I do realise it now that it's missing it's usage. It's a simple keyboard macro which supports all printable characters for triggers and everything for expansions. It sends native key presses if all the expansion are printable characters. If not, it uses clipboard and sends `Ctrl+V`
It's mysterious to me as well, but yeah after looking through the code briefly I think you define macros in the keydoggerrc file, and then keydogger watches the clipboard for triggers and responds accordingly. I love the idea, still a bit too much in the dark on the implementation to have an opinion though. Given the highly sensitive nature of the clipboard, I appreciate how small the app is because it's auditable.

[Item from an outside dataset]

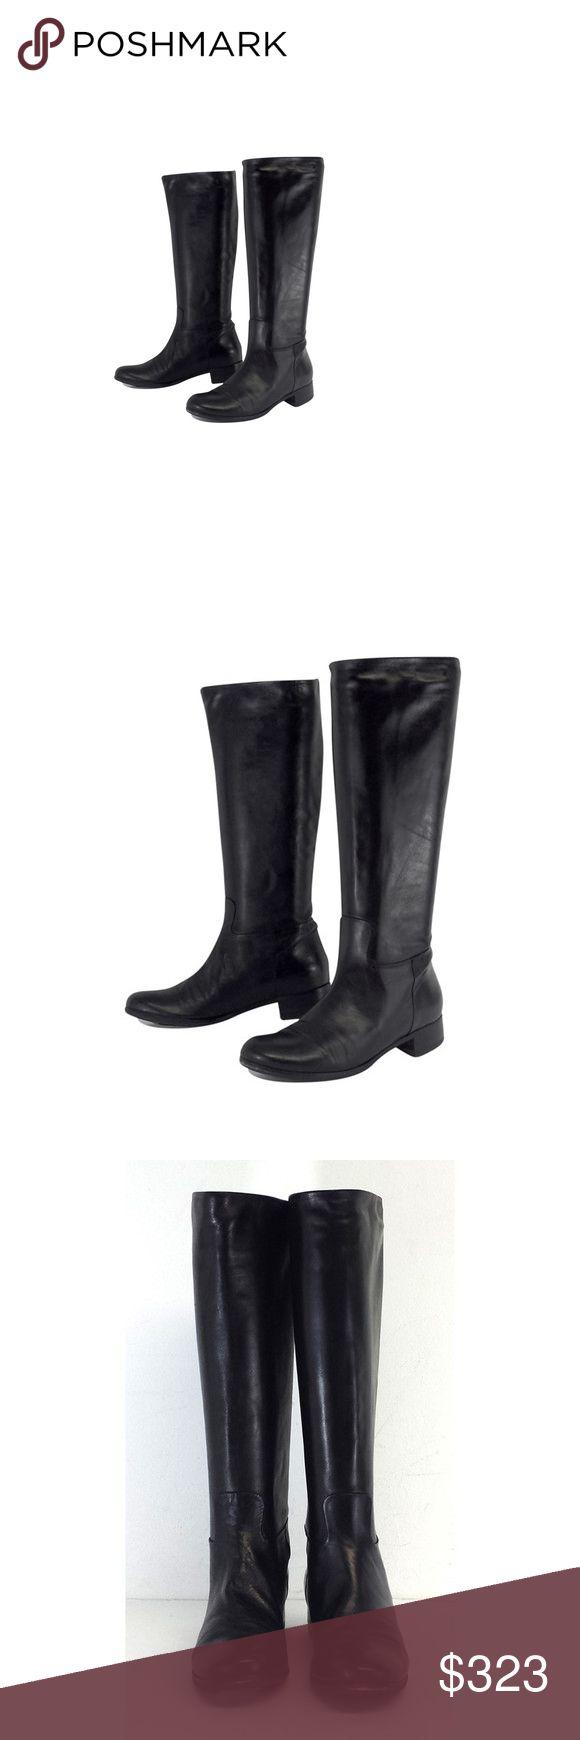 Roberto Del Carlo- Black Leather Knee High Boots Sz 7.5 Roberto Del Carlo- Black Leather Knee High Boots Sz 7.5 Roberto Del Carlo Shoes High Low

I hate to be that guy, but the name is neither helpful to explain what it does nor will it facilitate adoption. Show me the IT department that won't freak out when it sees a process called "keylogger".
Apart from that I will certainly try it because I have a use for a lightweight one job - one tool kind of typing helper. I guess others will too.
I have a feeling any IT place that's fuzzy matching process names to raise alarms on "keydogger" is not the kind of place that's going to let users install 3rd party programs with access to /dev/uinput to customize their Wayland on Linux install in the first place. Nor should every open source app be worried about businesses or user growth rate.
I'm not sure what the origin of "keydogger" is but at least there aren't 10 apps with the name and it's pronounceable.
So it's text expansion. Maybe you should just call it that? Also I 100% thought it was a keylogger with some relation to a sex act in the UK, which is why I clicked in the first place. Maybe not a great name for something as innocuous and not entirely erotic like text expansion.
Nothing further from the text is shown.